# New rizzide in sizzide :) edit:resized pics



## Adam (Apr 30, 2002)

*New rizzide in sizzide  you thought fcs has bandwidth destroyers*

Just got up here to maine yesterday, and the car has been sitting under some pine trees for about a month, so it's pretty dirty, but here are some initial pics:


----------



## stealthb14 (Apr 30, 2002)

Jeez Adam...can those pics get any bigger?


----------



## Adam (Apr 30, 2002)

what, like your mom?


----------



## LIUSPEED (May 29, 2002)

nice adam nice


----------



## })roppedSX (Apr 21, 2003)

??? whats that red stain in the trunk ????
looks like you were carrying some dead bodies in the trunk.  jk


----------



## nitestridar (Jun 29, 2002)

nice ride... manual to 

fix that damn dash light


----------



## whiteb14 (Jul 7, 2002)

AAHHH... i love luxury rides!


----------



## sethwas (Apr 30, 2002)

How'd you find a manual Lexus?

Seth


----------



## Adam (Apr 30, 2002)

sethwas said:


> *How'd you find a manual Lexus?
> 
> Seth *


Only year it was ever made too, very rare  My godmother had it since it was brand new, I've been bugging her about it since I was like 12. Now it belongs to me


----------



## sentra94xe (May 6, 2002)

You suck Adam.  I post a pic of my car last week and I get 2 measely responses (and over 100 views too). Then your happy ass comes along and puts up 10 or so HUDGE pics and you already have more responses than me! WTF?!?

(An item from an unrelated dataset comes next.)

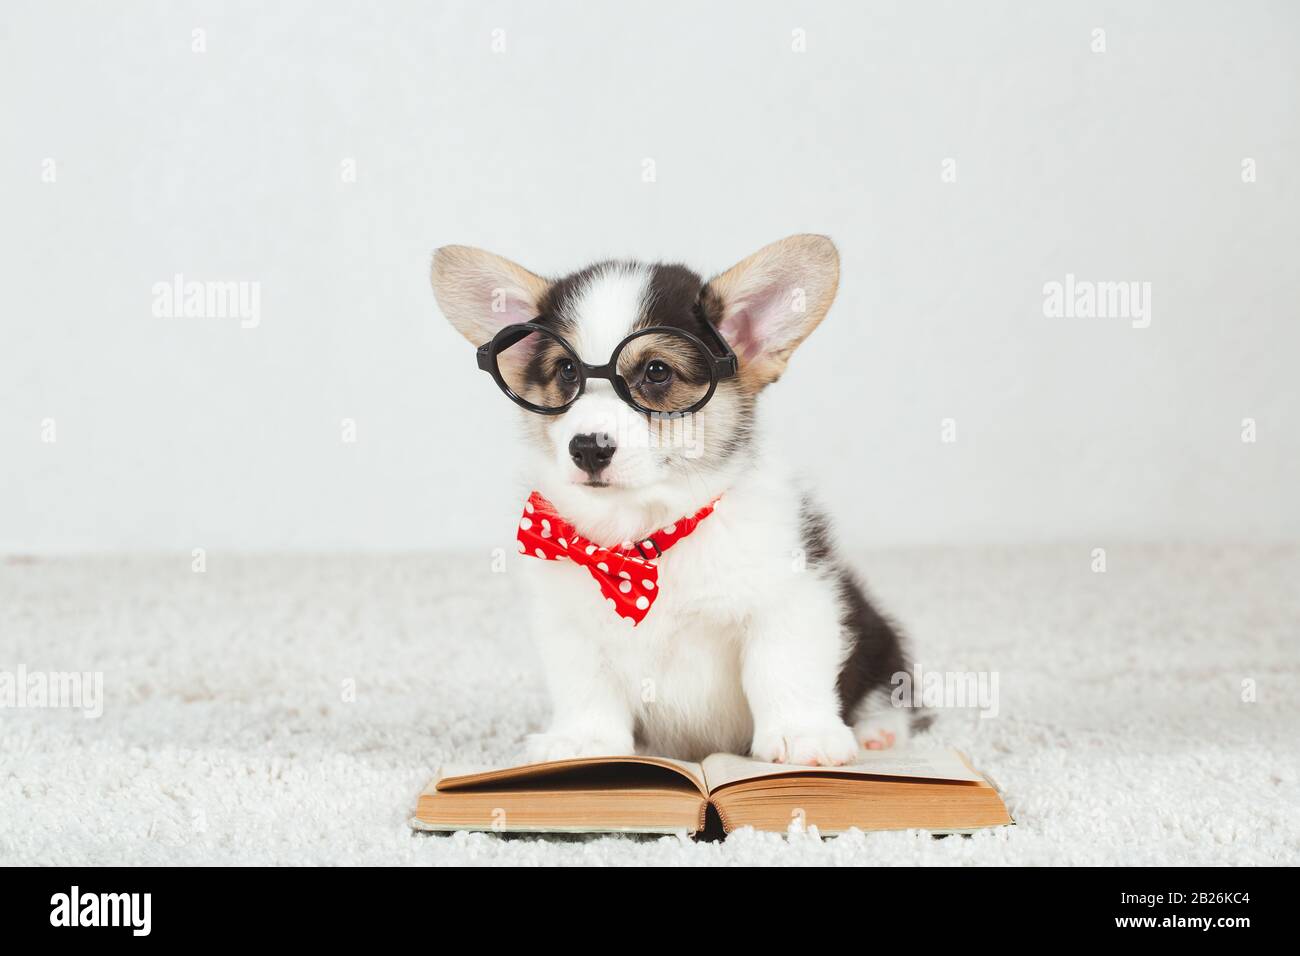 Corgi dog puppy with glasses Stock Photo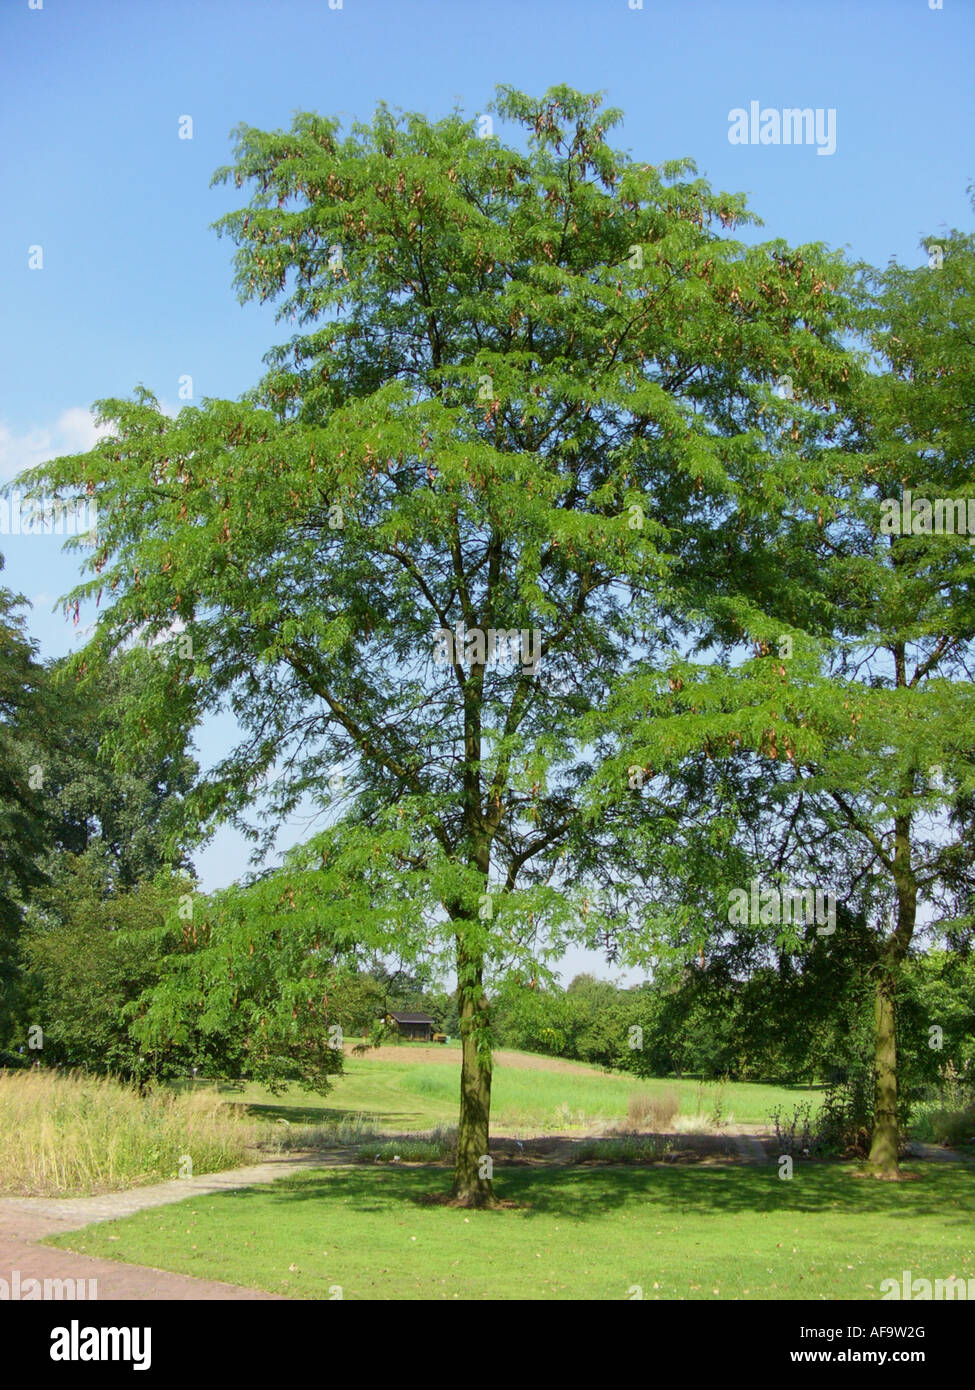 Thornless honeylocust (Gleditsia triacanthos var. inermis), single tree in a park Stock Photo

LOL, that's ok.... maybe I'll just accidently delete your thread. 

BTW, the Lexy is lookin nice. Keep her clean!


----------



## green se-r (Mar 27, 2003)

thats nice, its just missing a trd s/c!


----------



## Choopsticks (Sep 9, 2002)

This thread should be labeled "modem killer." But anyways, nice car.


----------



## Adam (Apr 30, 2002)

sentra94xe said:


> *You suck Adam.  I post a pic of my car last week and I get 2 measely responses (and over 100 views too). Then your happy ass comes along and puts up 10 or so HUDGE pics and you already have more responses than me! WTF?!?
> 
> LOL, that's ok.... maybe I'll just accidently delete your thread.
> 
> BTW, the Lexy is lookin nice. Keep her clean! *


Hey man, I'm on vacation so I'm putting as little effort forward as possible (speaking of the huge pics). That's just how they came off the camera.


----------



## SentraXERacer (Oct 7, 2002)

Wow, with only 155 miles on it  Stop trying to fool us, what is the real mileage? Now you have 2 sweet rides.


----------



## UNISH25 (Aug 12, 2002)

SentraXERacer said:


> *Wow, with only 155 miles on it  Stop trying to fool us, what is the real mileage? Now you have 2 sweet rides. *


Trip A has 155 miles on it...thats not the odometer reading...or maybe it is!


----------



## Adam (Apr 30, 2002)

No, that was the 155 miles I had put on it since that morning  It's actually got 150,000 on it, but still runs great, I just need an oil change, and maybe some new plugs.


----------



## Ninety-Nine SE-L (May 5, 2002)

sweet. BTW, this was a bitch on my cable modem.


----------



## Shift1.6 (Jul 22, 2003)

Wow nice car. So hard to find a 5 spd. lexus like that.


----------



## Adam (Apr 30, 2002)

I resized them for you guys


----------